• Exercise prompt: Please set down the line that contains "Tundra Tracker Orange, Tiger's" and every line below it through the last, exactly as written, with no other lines.
===============
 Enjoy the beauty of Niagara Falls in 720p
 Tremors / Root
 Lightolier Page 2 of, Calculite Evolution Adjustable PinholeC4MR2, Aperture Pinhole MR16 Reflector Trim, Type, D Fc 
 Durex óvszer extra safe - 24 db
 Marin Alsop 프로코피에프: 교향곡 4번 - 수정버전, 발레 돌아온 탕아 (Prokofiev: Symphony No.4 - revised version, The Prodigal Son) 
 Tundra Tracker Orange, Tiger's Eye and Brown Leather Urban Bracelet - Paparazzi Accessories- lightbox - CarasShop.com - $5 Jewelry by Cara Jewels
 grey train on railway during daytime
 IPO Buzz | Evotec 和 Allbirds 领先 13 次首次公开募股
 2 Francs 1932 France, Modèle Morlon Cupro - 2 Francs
===============
• Exercise answer:
 Tundra Tracker Orange, Tiger's Eye and Brown Leather Urban Bracelet - Paparazzi Accessories- lightbox - CarasShop.com - $5 Jewelry by Cara Jewels
 grey train on railway during daytime
 IPO Buzz | Evotec 和 Allbirds 领先 13 次首次公开募股
 2 Francs 1932 France, Modèle Morlon Cupro - 2 Francs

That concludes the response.